### Exercise brief
Output the full listing below exactly; the images stay out.

### Data section
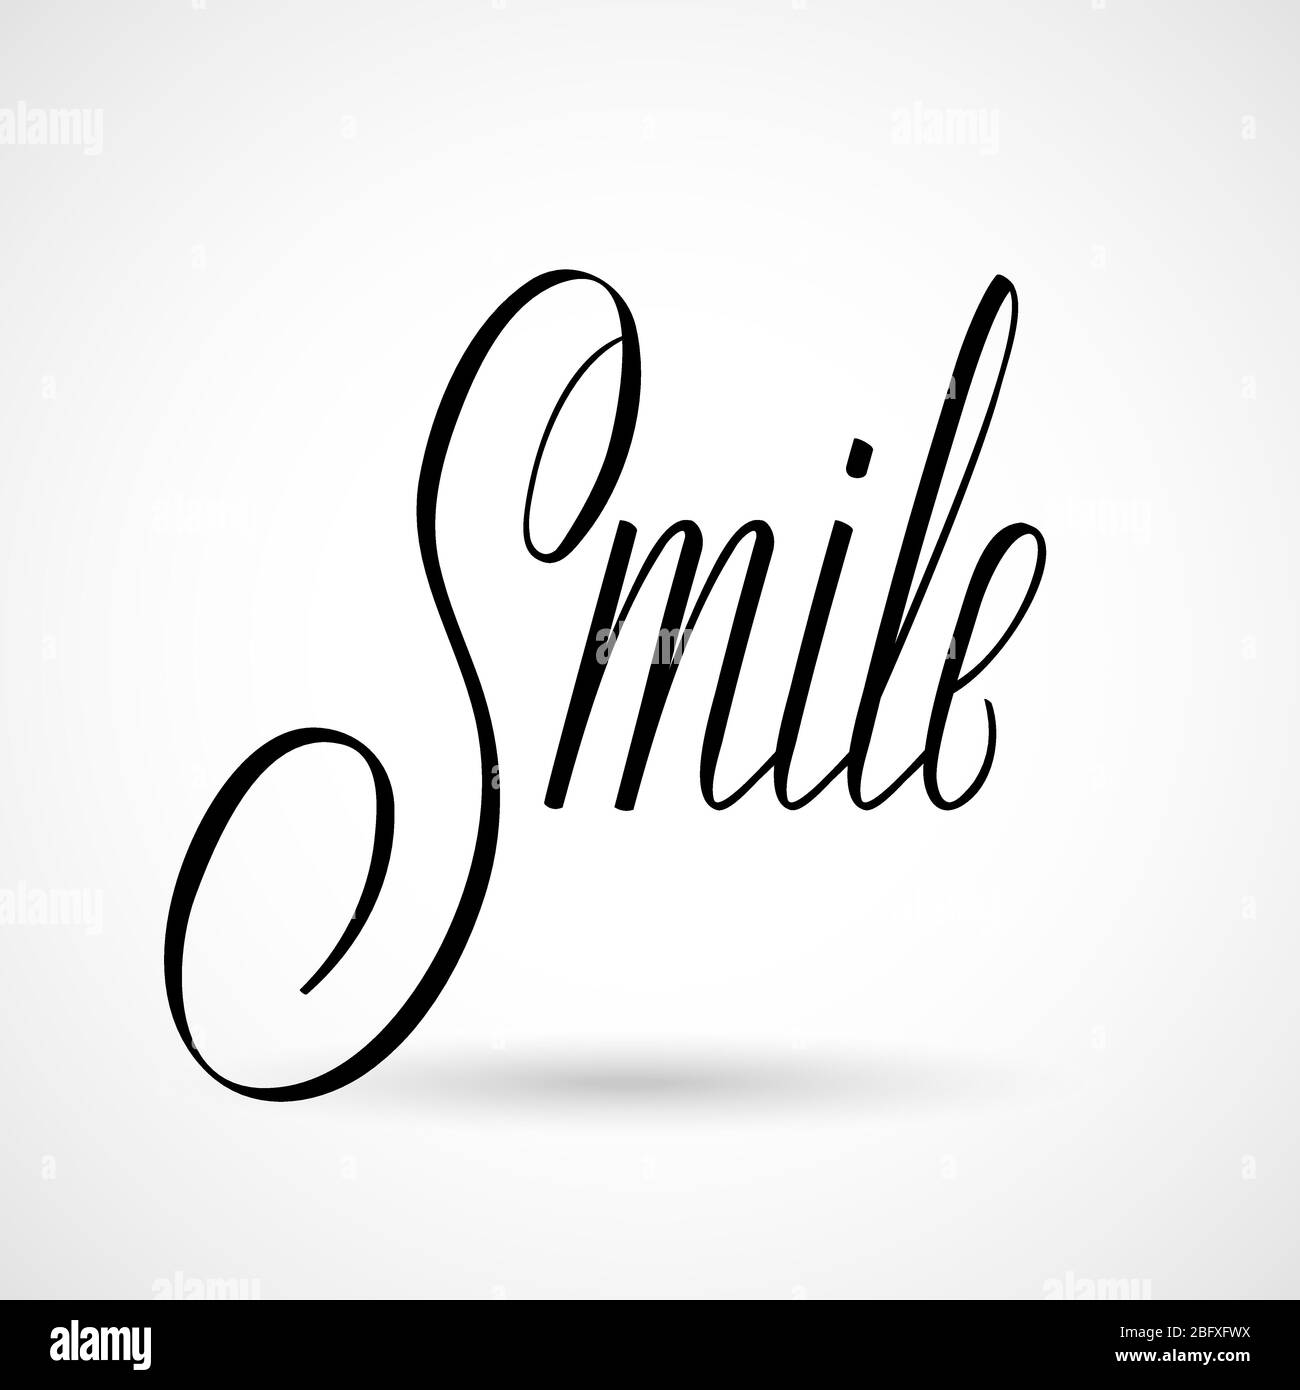 Smile Vektor-Inschrift. Handgezeichnete Kalligraphie-Phrase. Alles gute für inspirierende Worte. Illustration der Phrase Smile Wort Typografie Stock Vektor
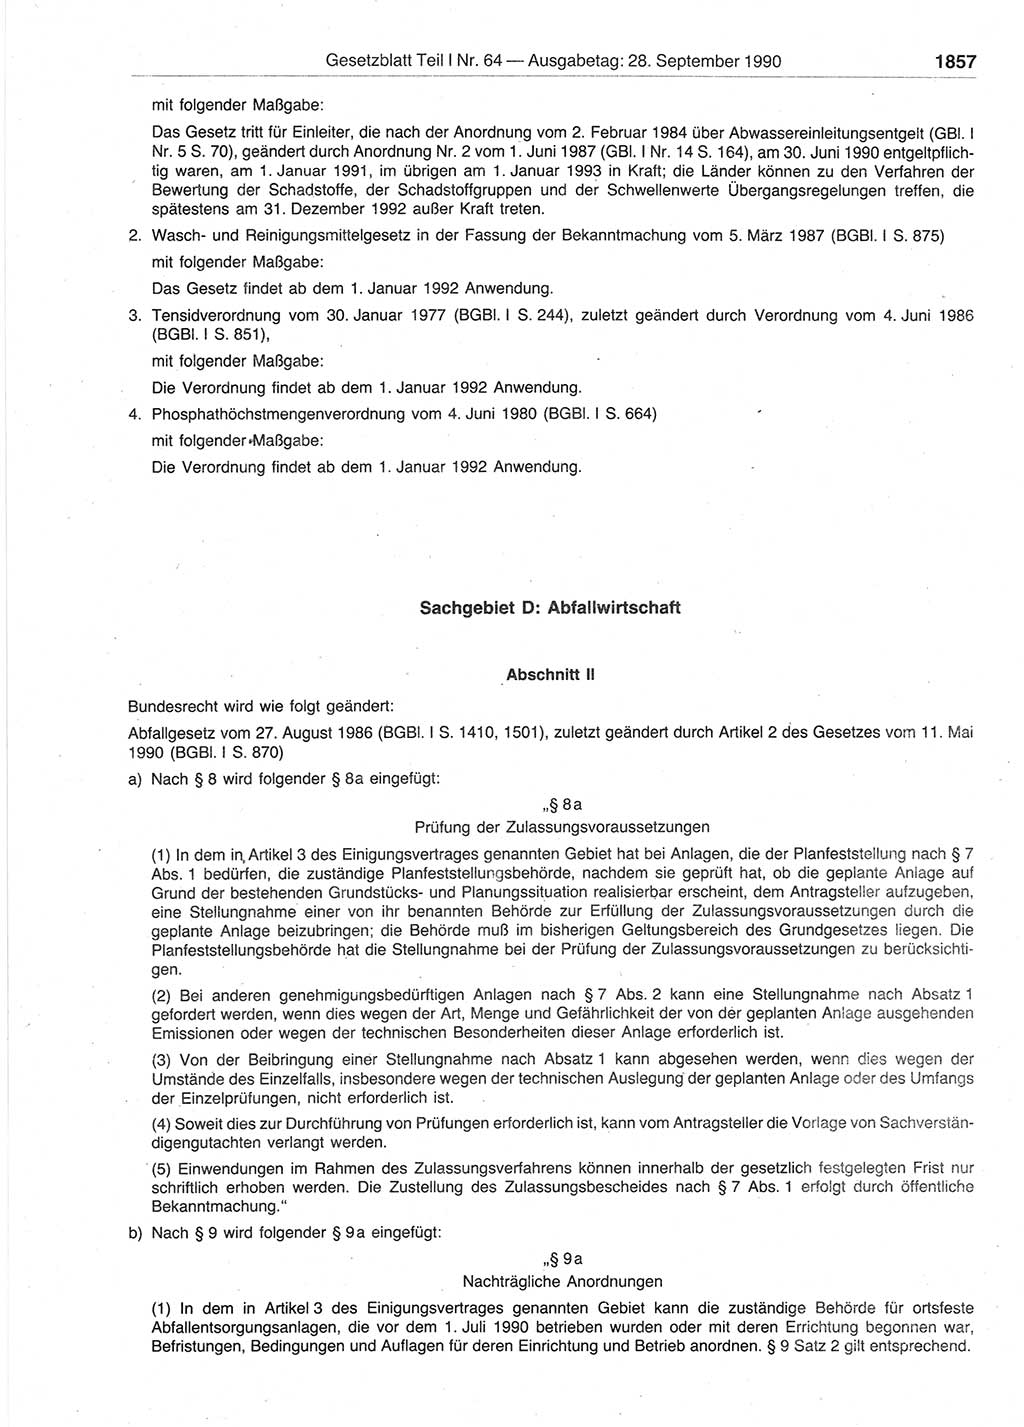 Gesetzblatt (GBl.) der Deutschen Demokratischen Republik (DDR) Teil Ⅰ 1990, Seite 1857 (GBl. DDR Ⅰ 1990, S. 1857)
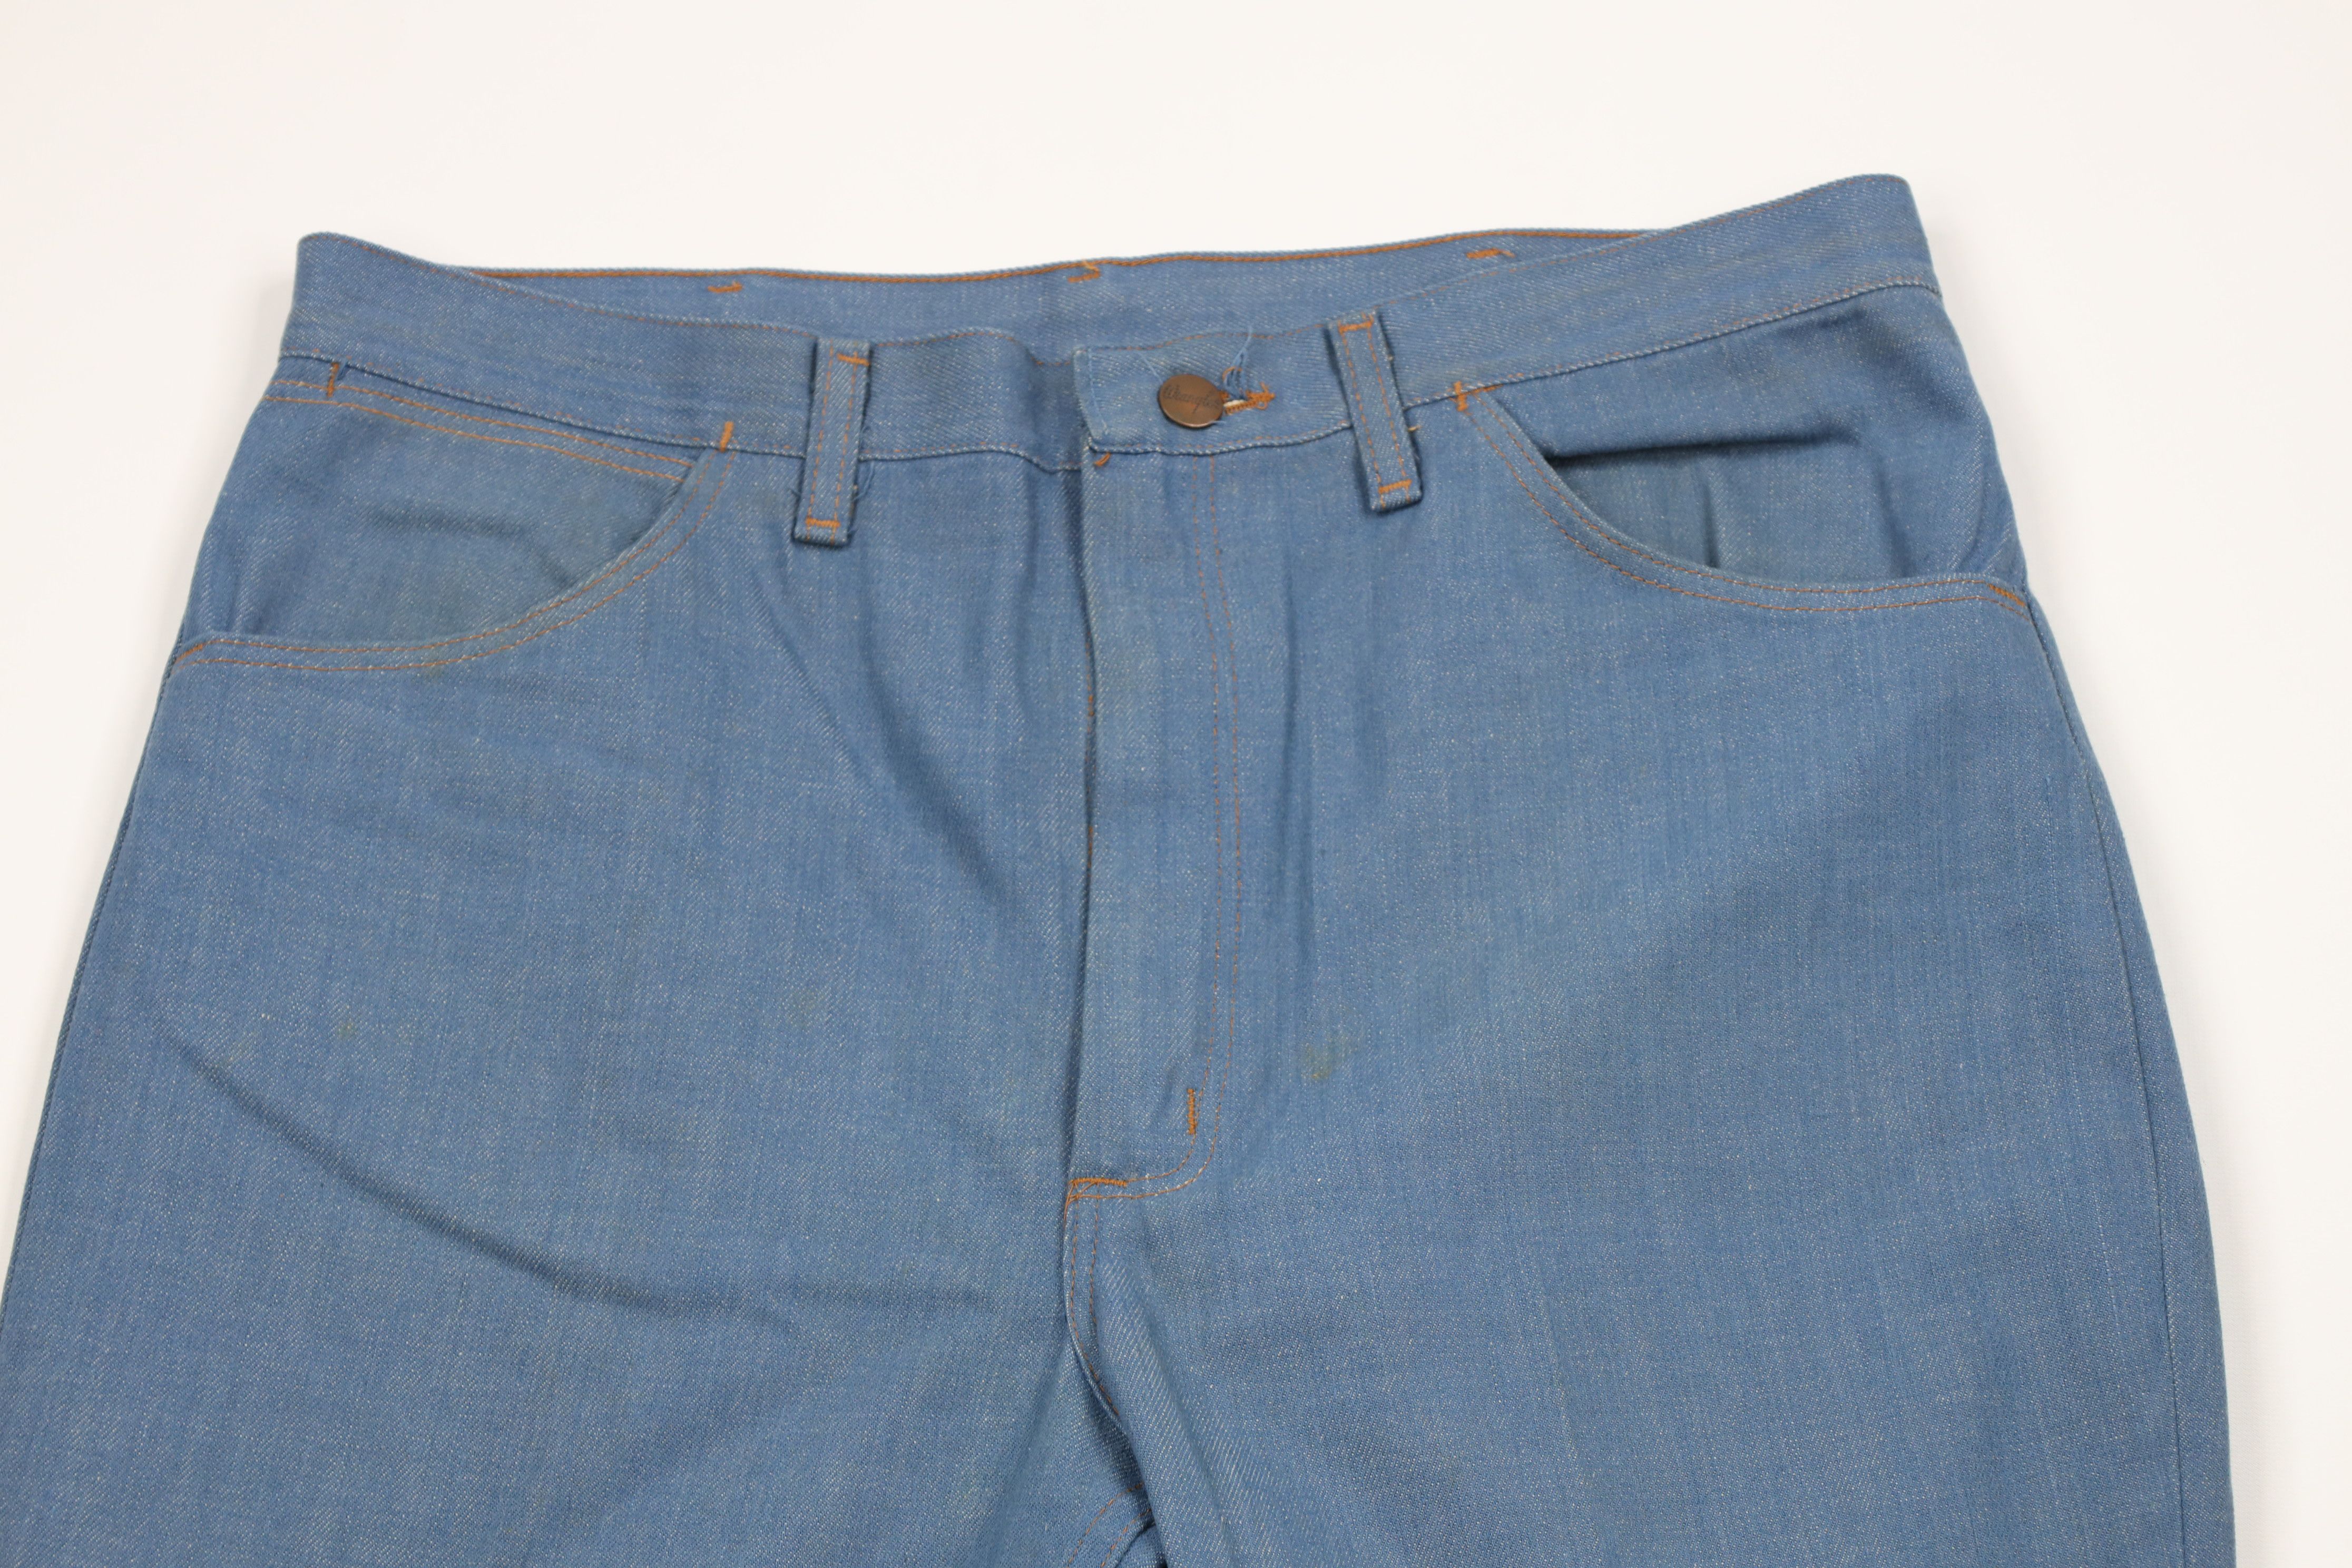 Vintage Vintage 70s Wrangler Wide Leg Bell Bottoms Denim Jeans USA Size US 34 / EU 50 - 2 Preview

### Exercise output
 Smile Vektor-Inschrift. Handgezeichnete Kalligraphie-Phrase. Alles gute für inspirierende Worte. Illustration der Phrase Smile Wort Typografie Stock Vektor
 Gesetzblatt (GBl.) der Deutschen Demokratischen Republik (DDR) Teil Ⅰ 1990, Seite 1857 (GBl. DDR Ⅰ 1990, S. 1857)
 Vintage Vintage 70s Wrangler Wide Leg Bell Bottoms Denim Jeans USA Size US 34 / EU 50 - 2 Preview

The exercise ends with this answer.